Becoming divorced or widowed are stressful life events experienced by a substantial part of the population. While marital status is a significant predictor in many studies on healthcare expenditures, effects of a change in marital status, specifically becoming divorced or widowed, are less investigated. This study combines individual health claims data and registered sociodemographic characteristics from all Dutch inhabitants (about 17 million) to estimate the differences in healthcare expenditure for individuals whose marital status changed (n = 469,901) compared to individuals who remained married, using propensity score matching and generalized linear models.
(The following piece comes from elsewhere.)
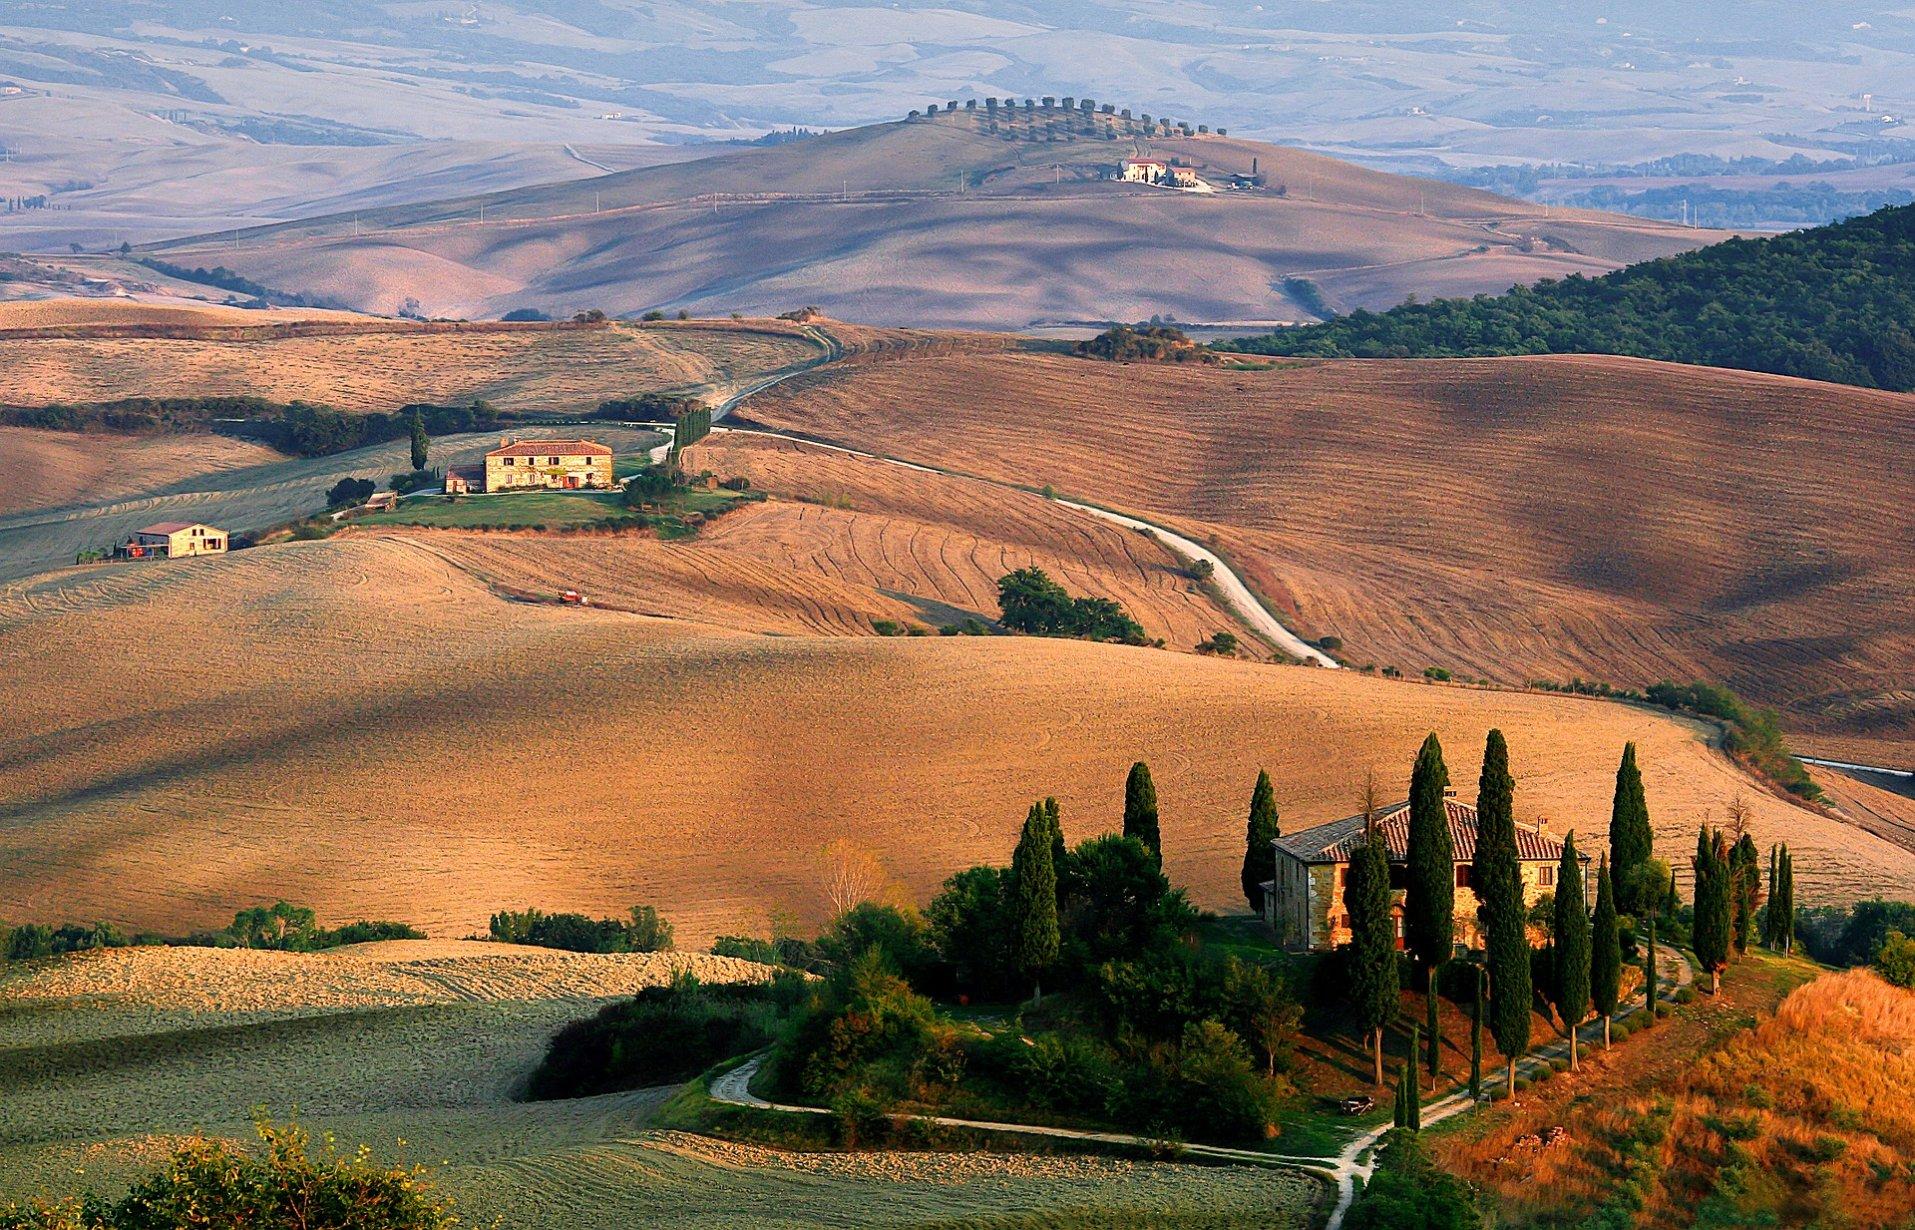 Italy Wine Tours » Top Wineries & Dine in Best Restaurants » CellarTours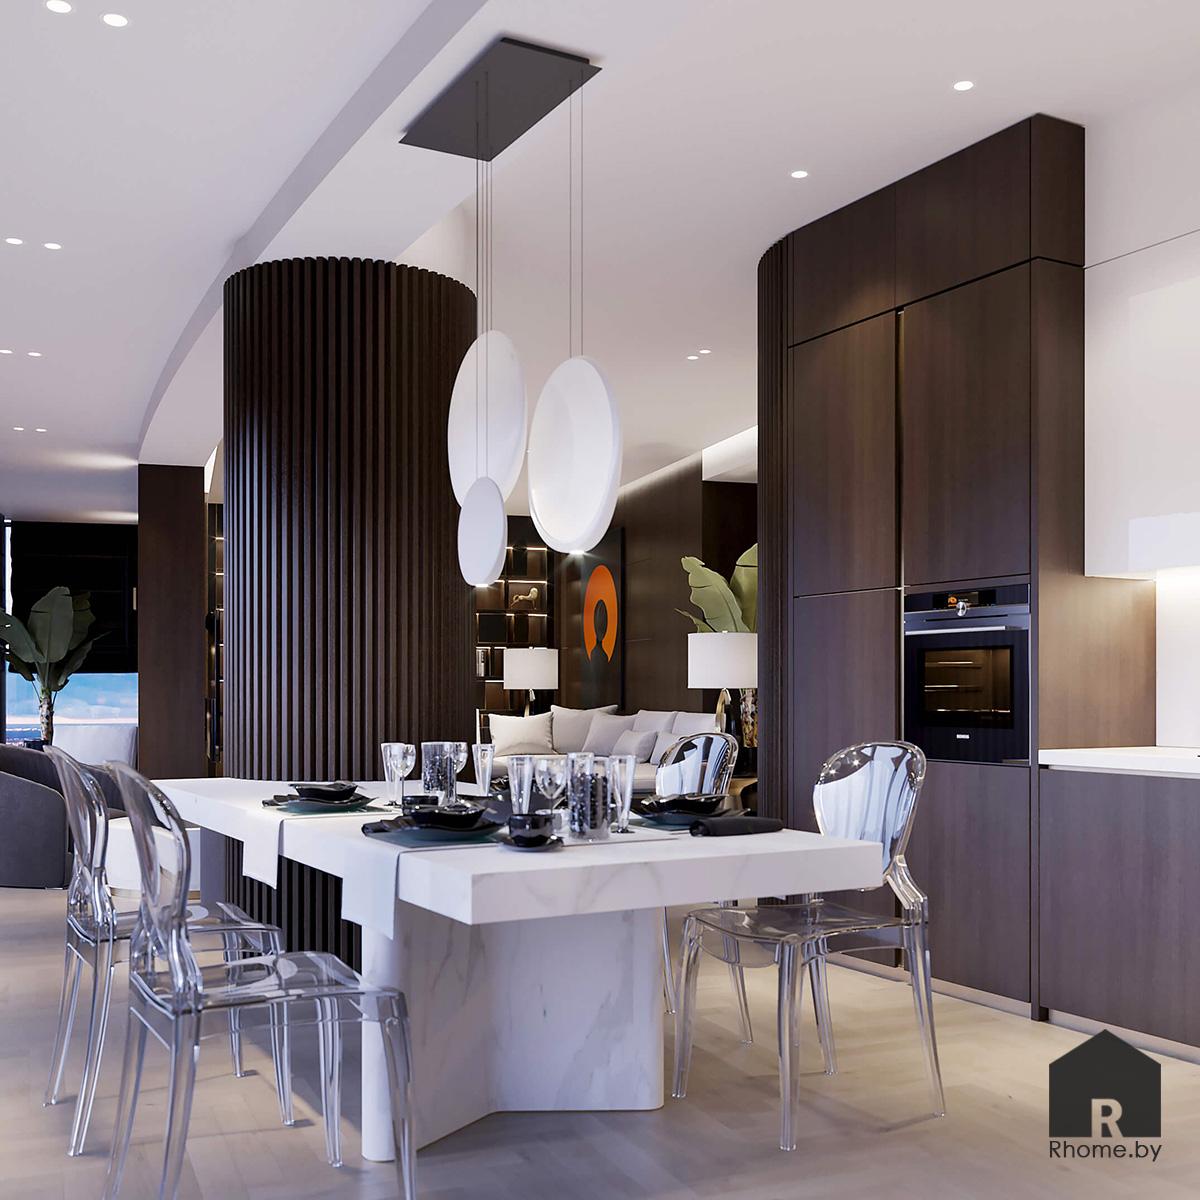 Столовая | Дизайн студия – Rhome.by

We found that individuals who were (long-term) divorced or widowed had 12-27% higher healthcare expenditures (RR = 1.12, 95% CI 1.11-1.14; RR = 1.27, 95% CI 1.26-1.29) than individuals who remained married. Foremost, this could be attributed to higher spending on mental healthcare and home care. Higher healthcare expenditures are observed for both divorced and widowed individuals, both recently and long-term divorced/widowed individuals, and across all age groups, income levels and educational levels.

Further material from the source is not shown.